New species

Julian Slade
Fri, 15 Jul 2005 05:55:53 PDT
Dear all

The lastest edition of a major botanical journal, Novon volume 15 number 2,
features three new species of popular genera. Abstracts of the articles

pp. 279-281:
Calochortus mendozae Espejo, López-Ferrari & Ceja, a new species from the
municipality of San Nicolás Tolentino in the state of San Luis Potosí,
Mexico, is described and illustrated. The new species grows on gypseous
soils in xerophytic scrub. Calochortus mendozae is placed in section
Cyclobothra subsection Ghiesbreghtiani and is closely related to C. hintonii
Bullock ex Ownbey, with which it is compared.

pp. 324-326:
A new species from Chile, Leucocoryne talinensis, is described and
illustrated. It is known from Talinay and Fray Jorge in Limarí Province,
from roadsides and adjacent fields. Its chromosome number and relationship
to the most closely related species are discussed.

pp. 354-357:
Tigridia suarezii (Iridaceae, Tigridieae) is a new species from Mexico. Its
distinguishing features are the dark purple, almost black color of the
spreading tepal limbs and the white to cream floral cup with dark purple
spots and stripes. It is morphologically similar to T. alpestris subsp.
obtusa and T. venusta, from which it differs in the more robust habit of the
plant, the shape, length, and width of the tepals, and the length of the
anther, filament column, and style branches.
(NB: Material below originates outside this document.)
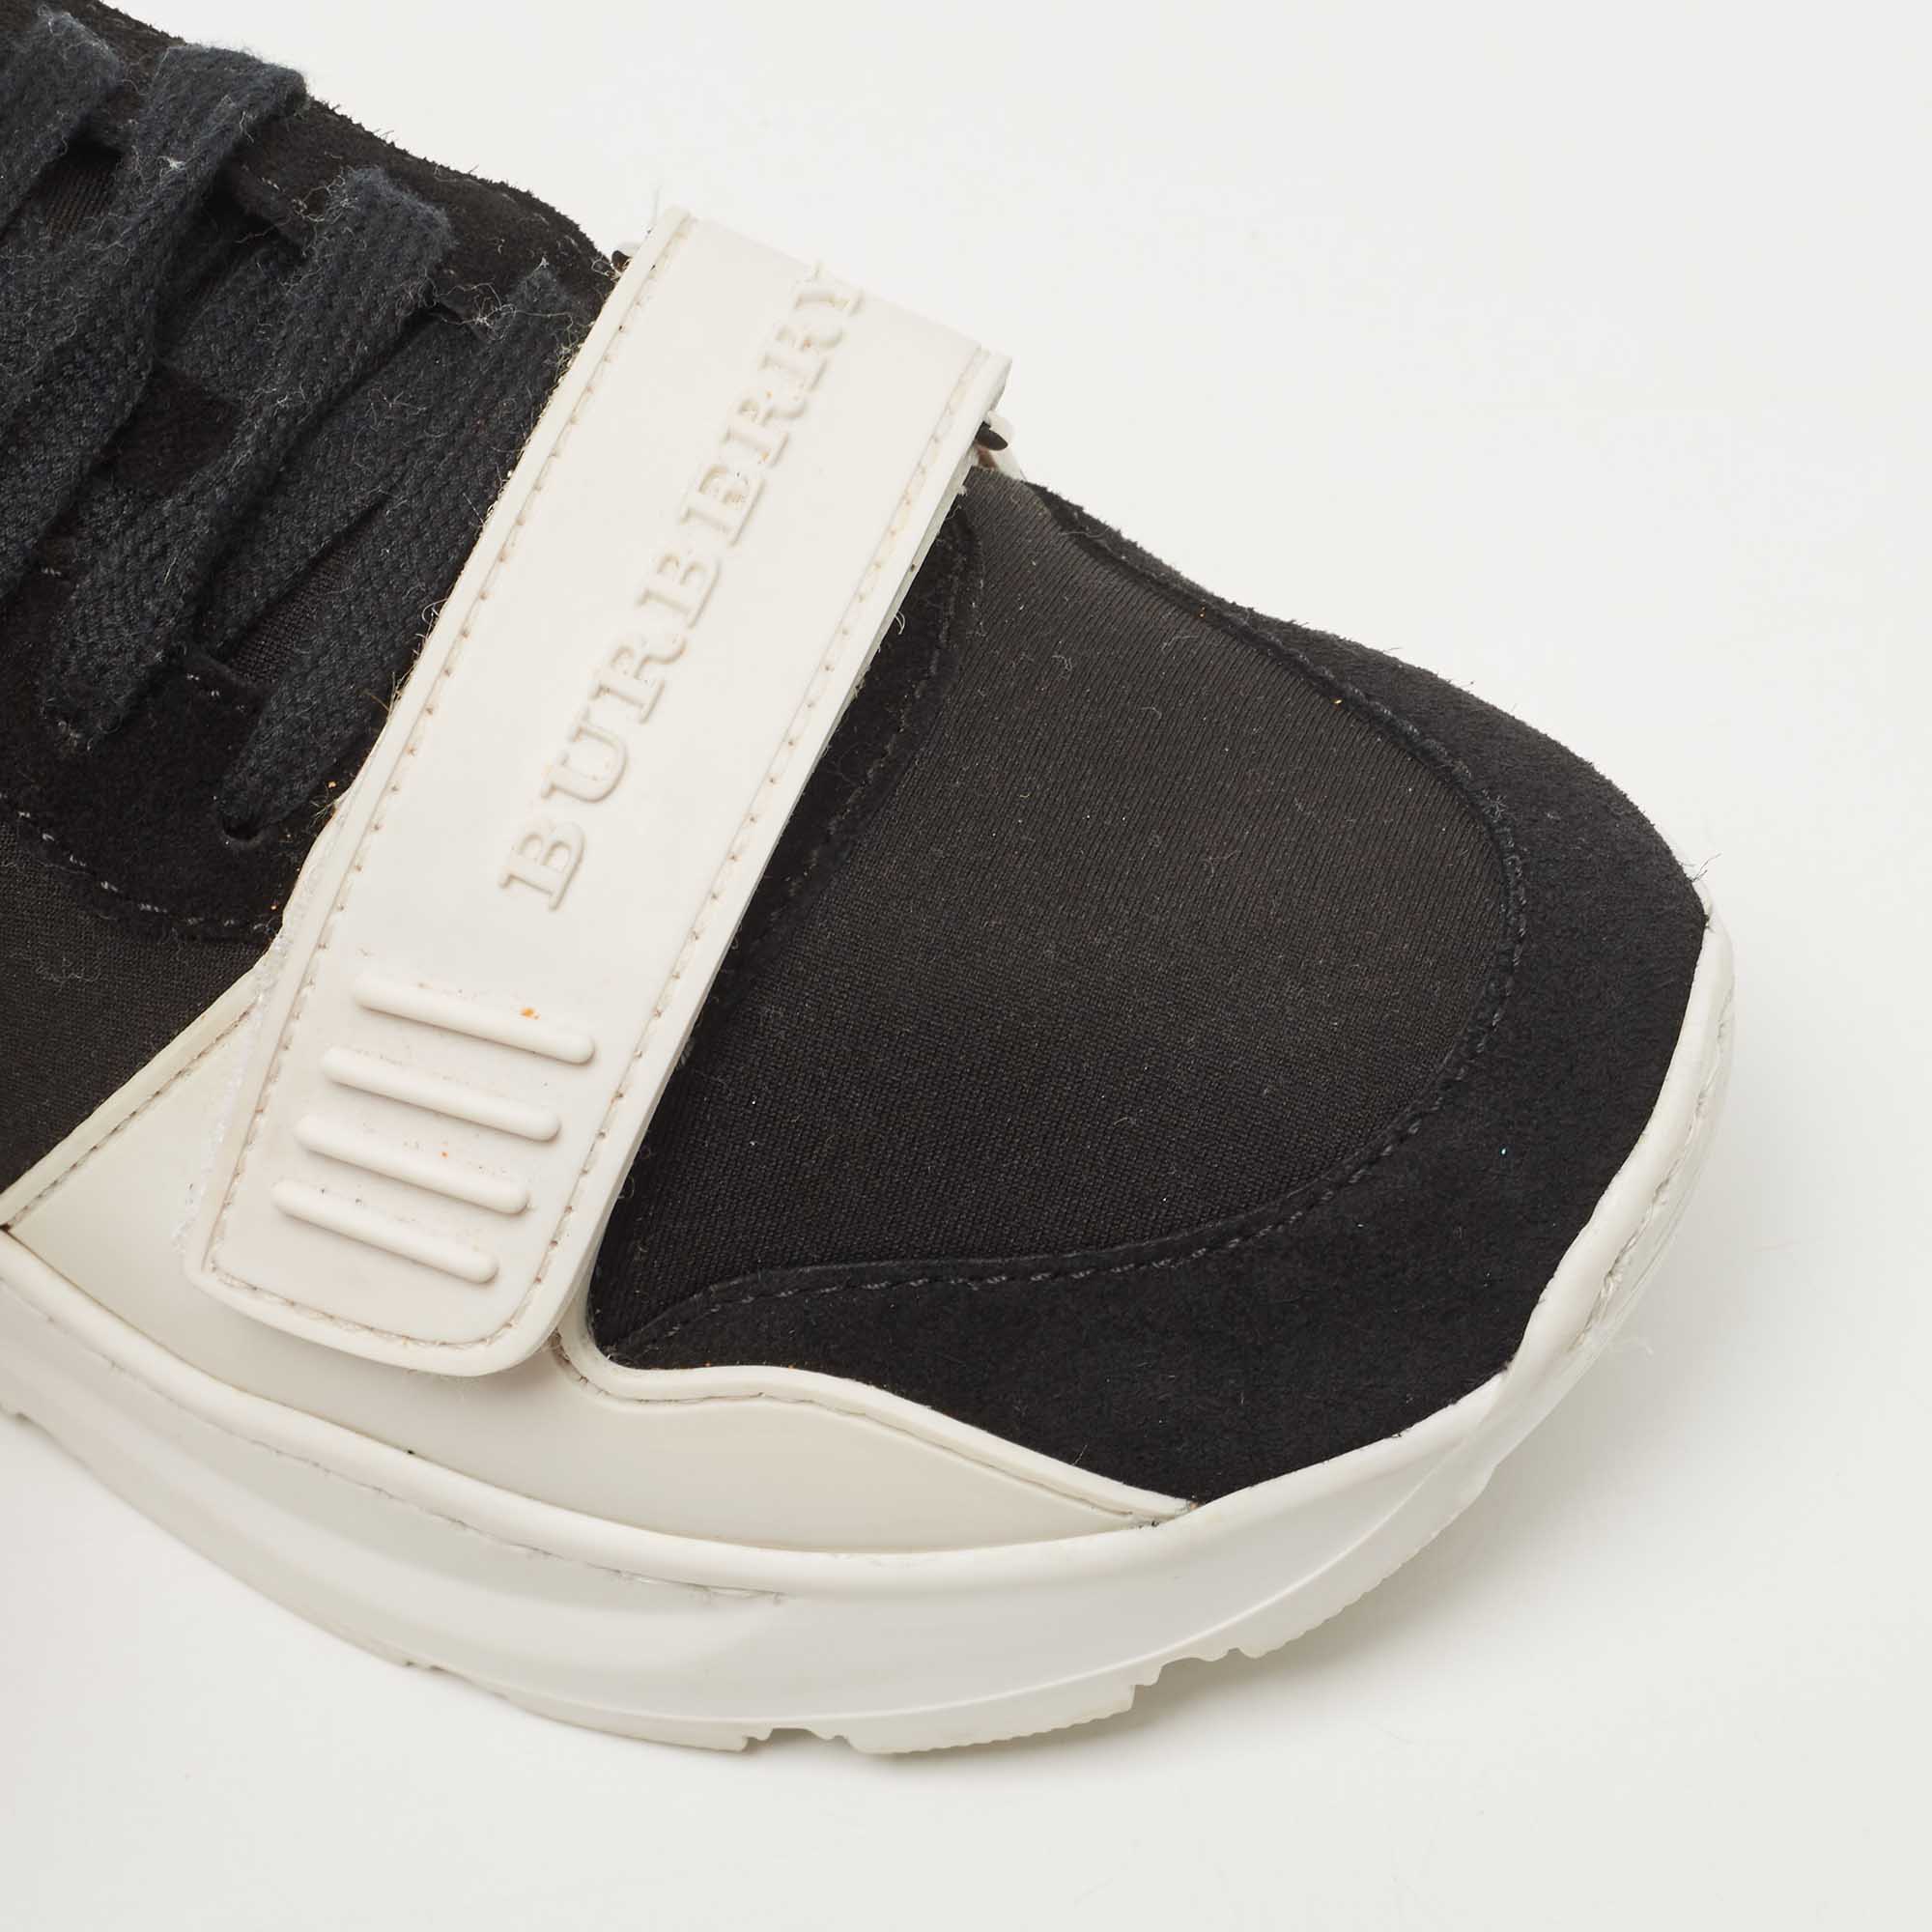 Burberry Black Neoprene And Suede Ramsey Sneakers Size 36

Tigridia suarezii and T.
venusta inhabit the understory in pine-oak forests in an altitudinal range
from 2080 to 2800 m, whereas T. alpestris subsp. obtusa grows on exposed
rocky slopes above 3000 m. Tigridia suarezii is known only from the state of

And in Novon volume 15 number 1 pp. 168-172:
Freesia marginata (Iridaceae: Crocoideae) is a new species from the Breede
River valley near Worcester in Western Cape Province, South Africa. A local
endemic of succulent karoo shrubland, it resembles F. caryophyllacea in its
flowers and short, prostrate leaves, but it is distinguished from all other
species of Freesia by the leathery, somewhat glaucous leaves with a
prominent submarginal vein. The four species previously placed in the genus
Anomatheca are recognized in Freesia as the new subgenus Anomatheca. Three
of the species, F. grandiflora, F. laxa, and F. verrucosa, are segregated
into section Anomatheca, and F. viridis is placed in the new section Alatae.